Jadot, Drouhin, Bouchard P&F, Latour, Tollot-Beaut, R. Ampeau, Hospice de Beaune, Morot, Leroy.
Situated between Beaune and Volnay, Pommard produces red wine only. Back in the 19th century Pommard (like Nuits-St. George in the Cote de Nuits) was sitting pretty in comparison to its neighbors. Most of the south-of-Beaune less-than-exalted wine was sold in Pommard’s town-market, and thus became known as “Pommard” whether it came from Pommard, Volnay, Monthelie etc. (this was before the laws of “Appellation Controlee” dictated a wine should be sold by the location of the vineyard). Couple that with the fact that the name ‘Pommard’ is easy to pronounce, and you have a recipe for a marketing success of a generally tough, heady, inelegant wine. There are apparently a few very good Pommard made from its best vineyards by the best of its winemaker. These, unfortunately, are the exceptions and not the rule.

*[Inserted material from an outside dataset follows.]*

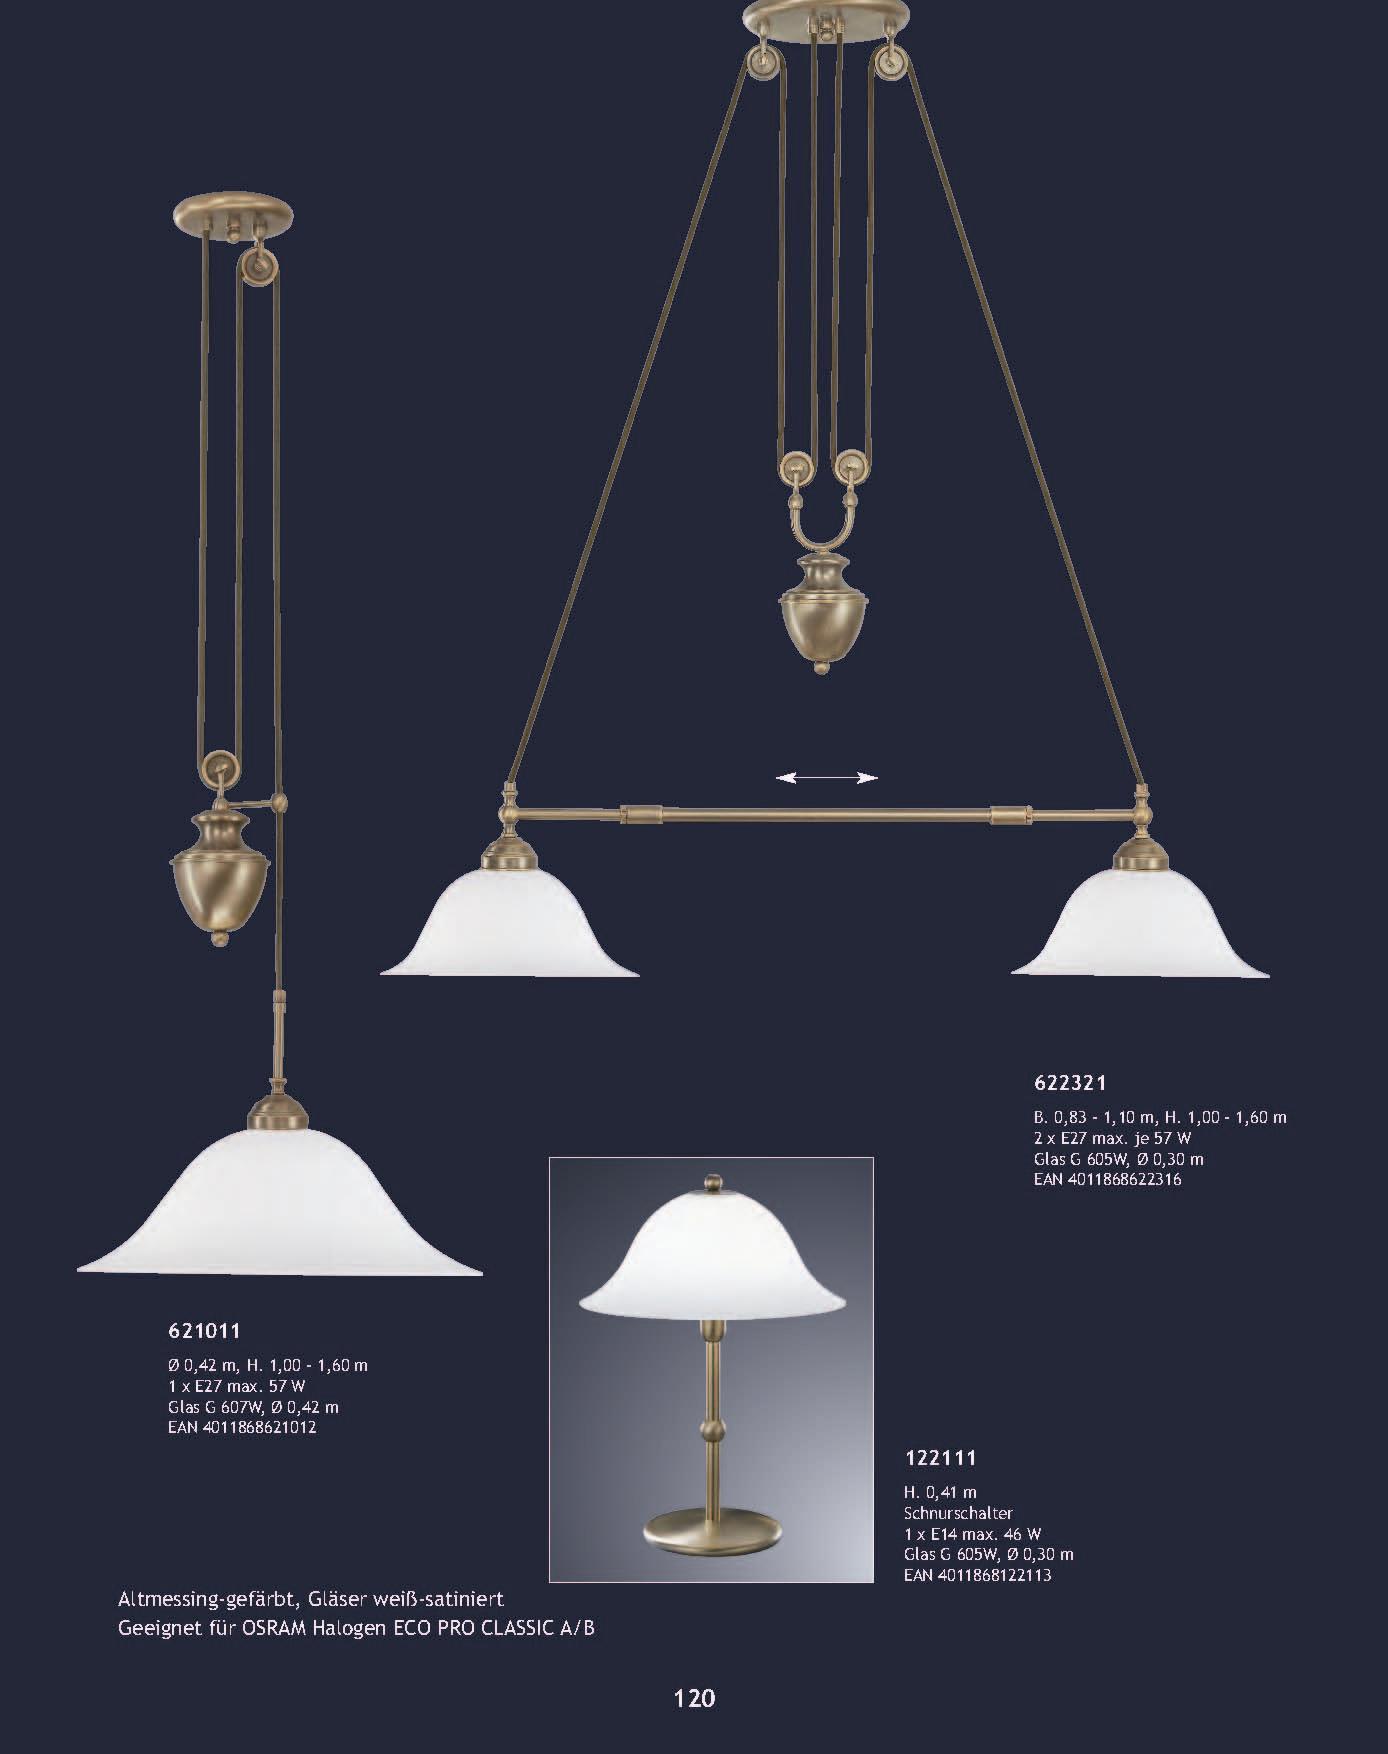 hufnagel leuchten 2013年现代灯饰设计素材_礼品设计图片
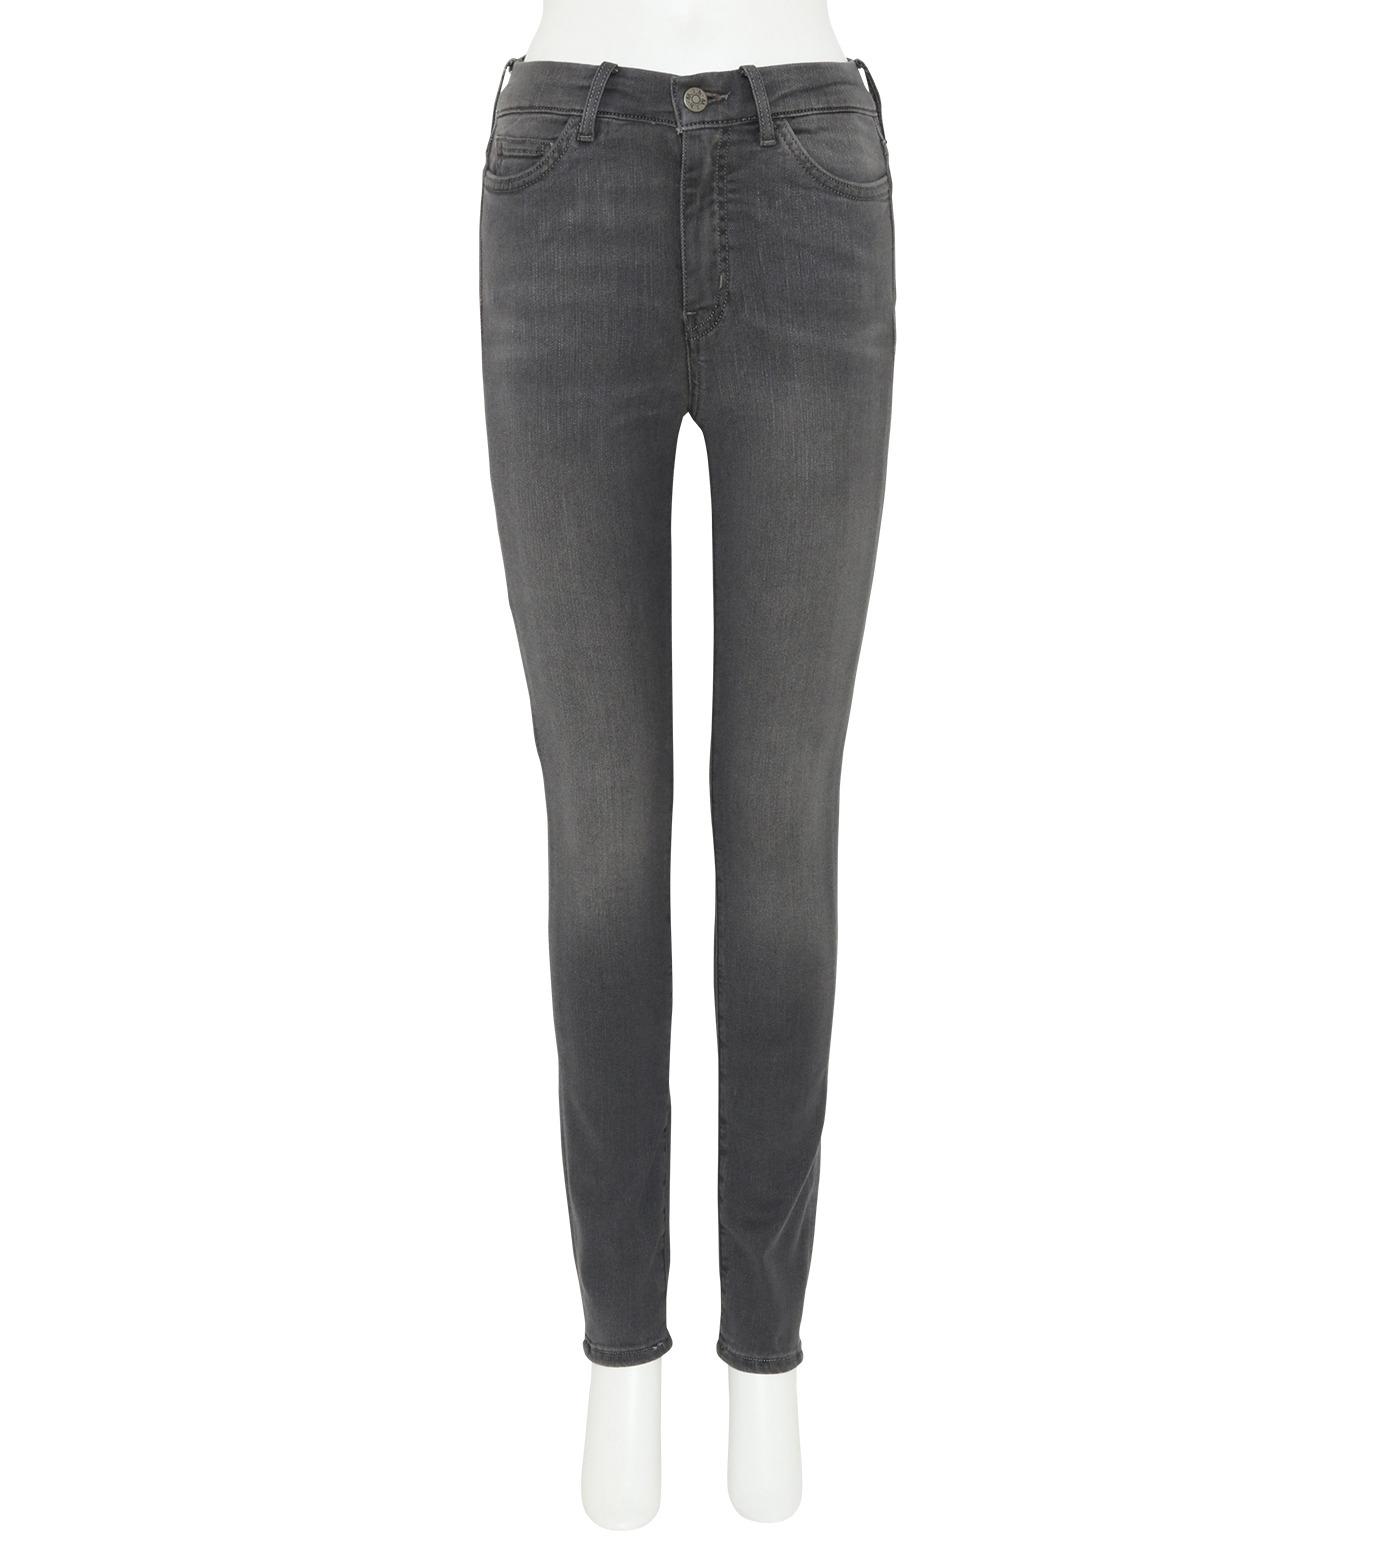 M.i.h Jeans(エムアイエイチジーンズ)のBodycon Skinny-GRAY(デニム/denim)-W2201106-11 拡大詳細画像1

About 80000 cases. The wines tend to be full and tannic, many are lacking in fruit, all are short on finesse. They generally follow the old-fashion misconception that Burgundy must be heavy and unsavory.

About 50000 cases. There are more than 20 Premier Cru vineyards in Pommard. Some of them are not much better than the village wines, most are better but still nothing to write home about. There are two are exceptions: Les Epenots and Les Rugiens (especially the ‘Rugiens Bas’). At the hands of some excellent producers these are really superb wines. Les Epenots is a soft wine with a rich heady bouquet and velvet finish. Les Rugiens is a sumptuous deep-colored wine with the weight of Corton and the elegance of Volnay. Unfortunately we are talking about less than 2% of what is sold under the name of Pommard. These wines takes 10-15 years to open up.

Michel Gaunoux, Dom. de Montille, Billard-Gonnet, Dom. Parent, Dom. de Courcel, Comte Armand.

Red wine only is made in on the gentle slopes of this small village situated between Pommard and Meursault. As was explained above, in the old days Volnay had the distinct disadvantage of selling its own wine through the town-market of Pommard and thus not making a name for itself. Except for a few well-known vineyards, Volnay had to struggle hard when the new laws decreed that wine from Volnay must be sold as Volnay.

About 50000 cases. Straight Volnay is generally of much higher quality than straight Pommard. Volnay is usually characterized as graceful, elegant, smooth and harmonious. The wines are often compared with Chambolle-Musigny in the Cote de Nuits. May be drank at 4-5 years, and will improve for a few years more.

About 30000 cases. There are no less than 26 Premier Crus in Volnay. Just as the Villages wines, the 1er Crus are generally noted for their fragrance and ‘femininity’, though some of them have excellent underlying structure and can age very well. The best vineyards are Les Caillerets, Champans and Santenots on the Meursault side, Clos des Chenes up on the slope, Bousse d’Or, Taille Pied and Clos des Ducs near the village. The Caillerets, especially the Clos de 60 Ouvree from the Domaine de la Pousse d’Or, is the most profound of the pack, the others are more delicate. From good source, all are a pleasure to drink. Best drank at 6-12 years.

Comte Lafon, Marquis d’Angerville, Pousse d’Or, Dom. de Montille, M. Lafarge, Rossignol.
The famous town of Meursault lies between Volnay and Puligny-Montrachet. Although a tiny quantity of red wine is made and sold as Meursault, its world-wide reputation certainly stems from the full-bodied, rich, complex yet very dry white wines.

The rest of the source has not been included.